Items from a data source:
# # # # #

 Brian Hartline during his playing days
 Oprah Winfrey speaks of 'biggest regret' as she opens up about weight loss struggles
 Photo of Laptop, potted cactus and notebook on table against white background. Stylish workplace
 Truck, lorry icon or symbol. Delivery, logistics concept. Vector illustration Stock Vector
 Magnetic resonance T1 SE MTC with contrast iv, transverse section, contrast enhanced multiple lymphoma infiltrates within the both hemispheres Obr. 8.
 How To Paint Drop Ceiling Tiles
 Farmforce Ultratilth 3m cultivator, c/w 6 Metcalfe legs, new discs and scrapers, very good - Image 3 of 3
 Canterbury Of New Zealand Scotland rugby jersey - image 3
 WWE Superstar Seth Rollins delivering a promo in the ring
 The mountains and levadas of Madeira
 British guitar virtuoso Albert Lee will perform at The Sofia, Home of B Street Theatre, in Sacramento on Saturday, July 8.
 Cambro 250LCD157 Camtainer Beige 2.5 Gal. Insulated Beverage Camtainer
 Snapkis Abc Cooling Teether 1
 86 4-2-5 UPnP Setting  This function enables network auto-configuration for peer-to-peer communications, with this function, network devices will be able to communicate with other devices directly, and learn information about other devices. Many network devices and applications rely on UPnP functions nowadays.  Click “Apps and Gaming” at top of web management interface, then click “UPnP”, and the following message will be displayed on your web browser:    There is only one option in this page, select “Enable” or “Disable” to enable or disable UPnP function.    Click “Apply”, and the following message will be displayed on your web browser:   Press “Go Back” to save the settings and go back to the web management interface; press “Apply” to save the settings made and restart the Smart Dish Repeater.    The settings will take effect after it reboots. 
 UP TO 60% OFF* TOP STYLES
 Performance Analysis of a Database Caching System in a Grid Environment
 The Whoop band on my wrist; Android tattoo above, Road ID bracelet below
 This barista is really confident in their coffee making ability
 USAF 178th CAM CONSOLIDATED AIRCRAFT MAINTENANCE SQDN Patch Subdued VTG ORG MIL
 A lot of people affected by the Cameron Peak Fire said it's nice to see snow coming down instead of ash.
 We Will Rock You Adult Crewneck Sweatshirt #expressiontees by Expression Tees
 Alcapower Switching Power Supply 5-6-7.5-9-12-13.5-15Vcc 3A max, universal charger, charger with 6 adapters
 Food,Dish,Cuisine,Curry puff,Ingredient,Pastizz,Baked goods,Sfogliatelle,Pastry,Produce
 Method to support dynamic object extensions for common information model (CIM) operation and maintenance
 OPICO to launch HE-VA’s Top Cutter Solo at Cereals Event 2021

# # # # #

* [WHAT THE TASK ASKS]
Transcribe exactly, and only, the lines from the opening line of the records through the line containing "Photo of Laptop, potted".

* [COMPLETED TASK]
 Brian Hartline during his playing days
 Oprah Winfrey speaks of 'biggest regret' as she opens up about weight loss struggles
 Photo of Laptop, potted cactus and notebook on table against white background. Stylish workplace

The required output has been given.